Fra gli Stati, com'era allora divisa l'Italia prima del 1860, il Piemonte diede alle costruzioni

ferroviarie l'impulso maggiore, vincendo tutte le gravi difficoltà che si presentavano con i

suoi monti, fiumi e torrenti. E non procedette senza criterio, ma seguendo un programma

saggiamente maturato già prima, perfino considerando i futuri congiungimenti con le

linee dei Paesi più vicini.

E fu appunto il Piemonte a concepire e a sostenere la grandiosa idea di aprire attraverso

le Alpi la prima via al commercio internazionale; e non tardò a preparare i mezzi per

effettuare la gigantesca impresa, culminata poi nel 1870 con il ciclopico traforo del

Cenisio.

Dopo che Carlo Alberto aveva autorizzato una Società che aveva fatto i primi studi

preliminari, il Governo deliberò il sistema delle ferrovie piemontesi in due grandi linee

principali: una della quali unisse Genova a Torino, passando per Alessandria, e l'altra da

Alessandria mettesse capo al Lago Maggiore, attraversando la Lomellina.

Ultimati gli studi nei particolari, venne ordinata il 13 febbraio 1845 la costruzione delle due

linee a spese dello Stato.

Della ferrovia Torino - Genova da Novi a Sampierdarena, considerando l'epoca in cui fu

costruita, nella quale l'arte ferroviaria muoveva i primi suoi passi, fu veramente un'opera

colossale.

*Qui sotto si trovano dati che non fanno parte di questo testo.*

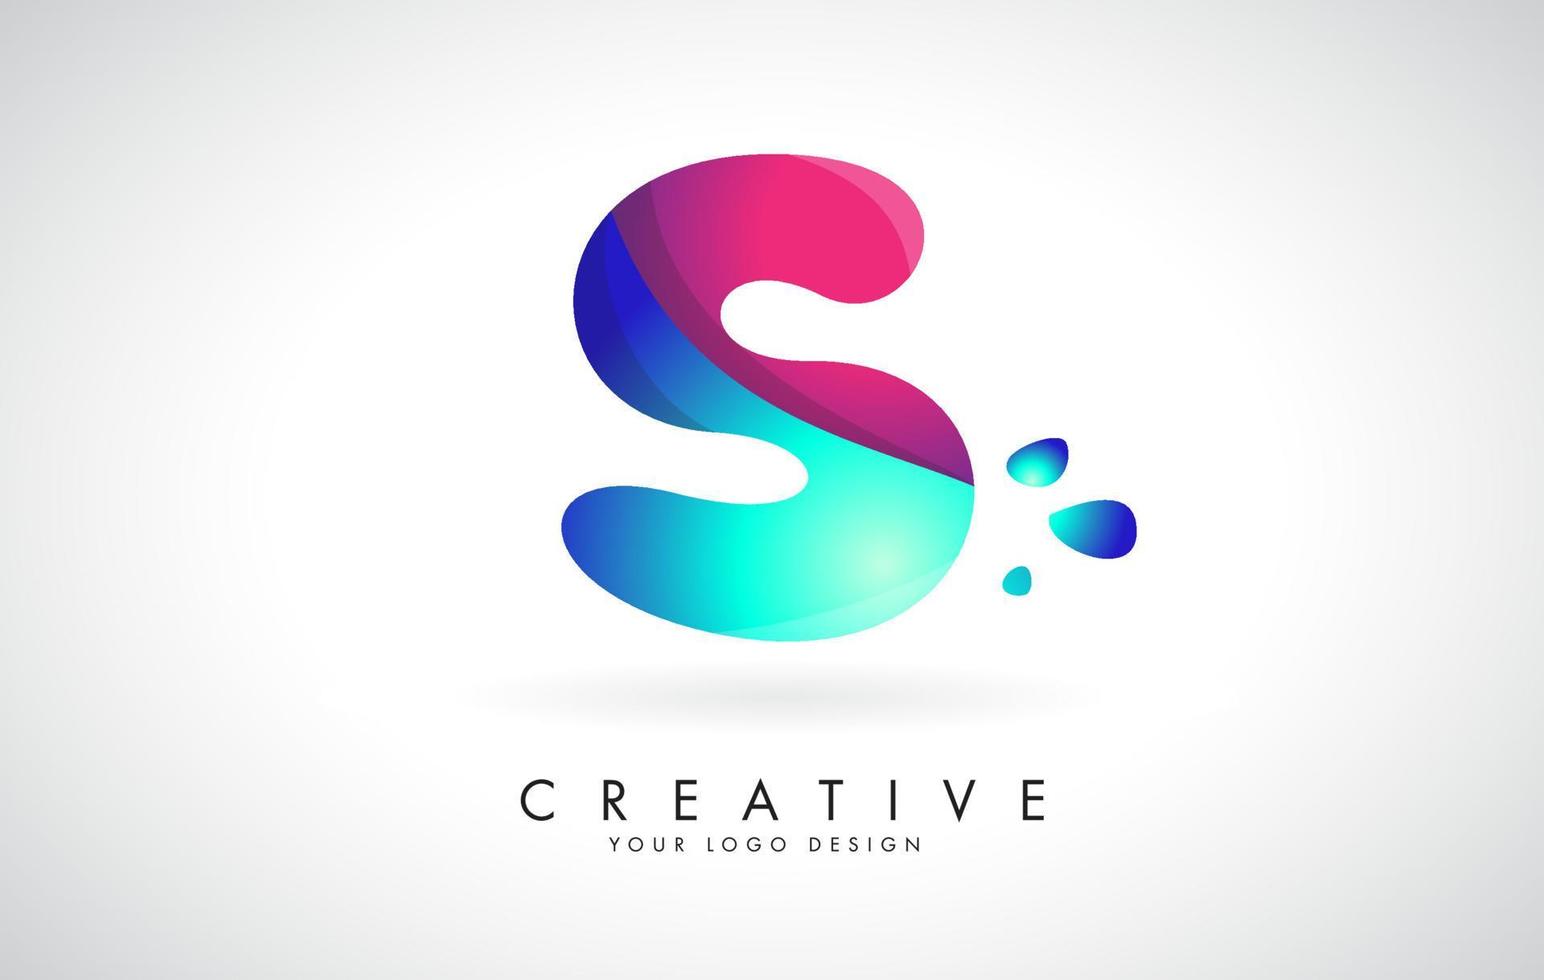 design del logo della lettera s creativa blu e rosa con punti. intrattenimento aziendale amichevole, media, tecnologia, design vettoriale aziendale digitale con gocce.

Svolgendosi i lavori su una regione aspramente montagnosa, oltre a tratti con

pendenze del 35 per mille, richiese anche la perforazione di numerose gallerie, dieci di

numero, di cui la massima, a Busalla, si interna sotto il colle dei Giovi per ben 3.260 metri,

considerata allora la più lunga galleria del mondo. Fino allora deteneva il primato la

galleria del Semmering (linea Vienna-Trieste) con i suoi 1.430 metri, opera austriaca ma

realizzata (periodo 1848-1854) da un italiano: l'ingegner veneziano Carlo Ghega.

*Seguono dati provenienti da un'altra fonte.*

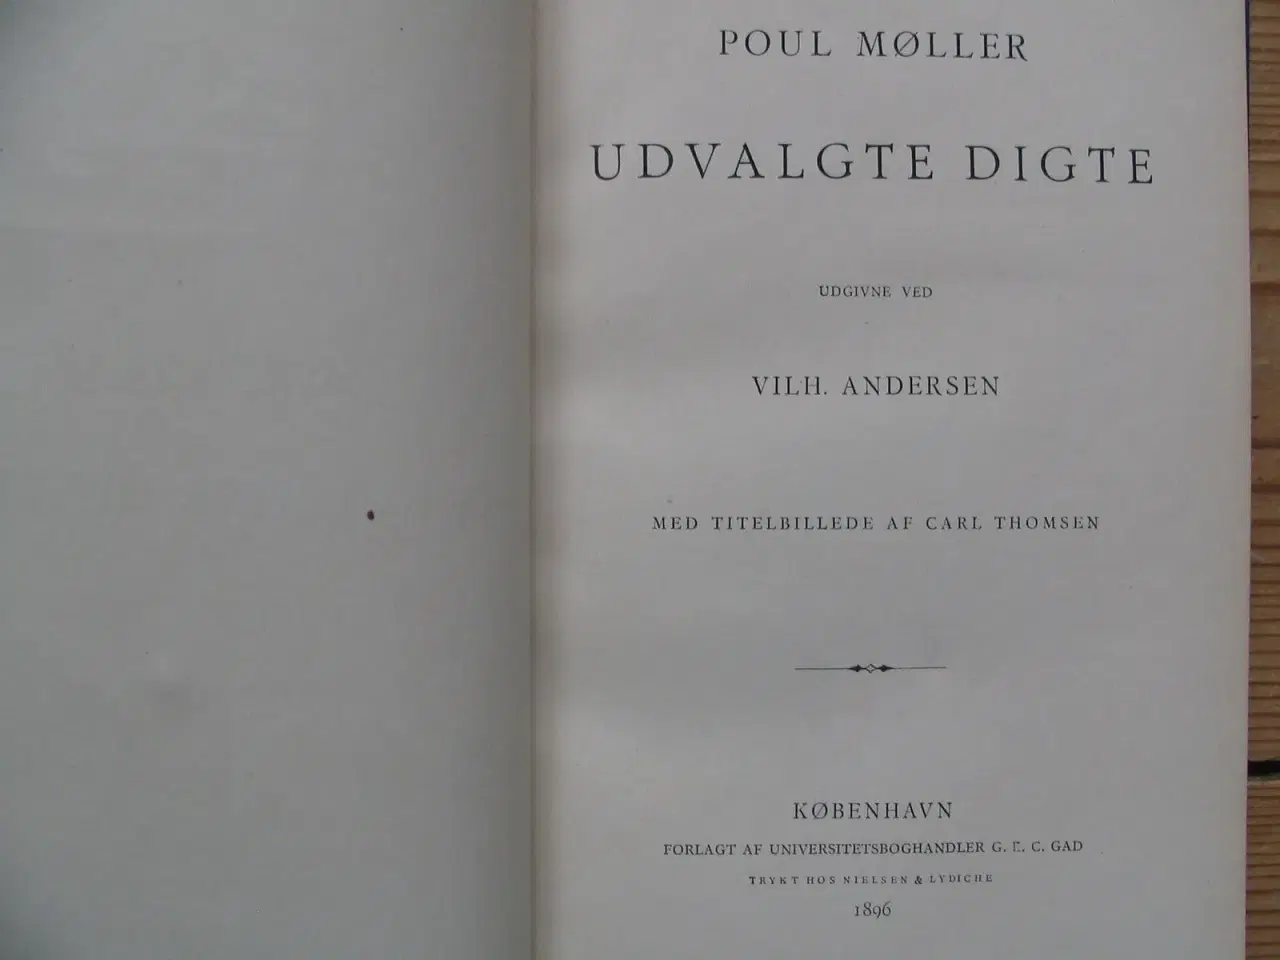 Billede 2 - Poul Martin Møller - Udvalgte digte, fra 1896

Dopo la proclamazione dello Statuto del 4 marzo 1848, all'opera del governo piemontese

si aggiunse quella privata, contribuendo ad infittire sempre di più le vie ferrate in

Piemonte.

Nel 1852 lo Stato deliberò di costruire a proprie spese la strada ferrata da Torino a Susa

(costruendo in parallelo la strada del Passo del Cenisio che metteva in collegamento la

Savoia) e ne affidò i lavori alla Società Jakson, Brassey e Henfrey.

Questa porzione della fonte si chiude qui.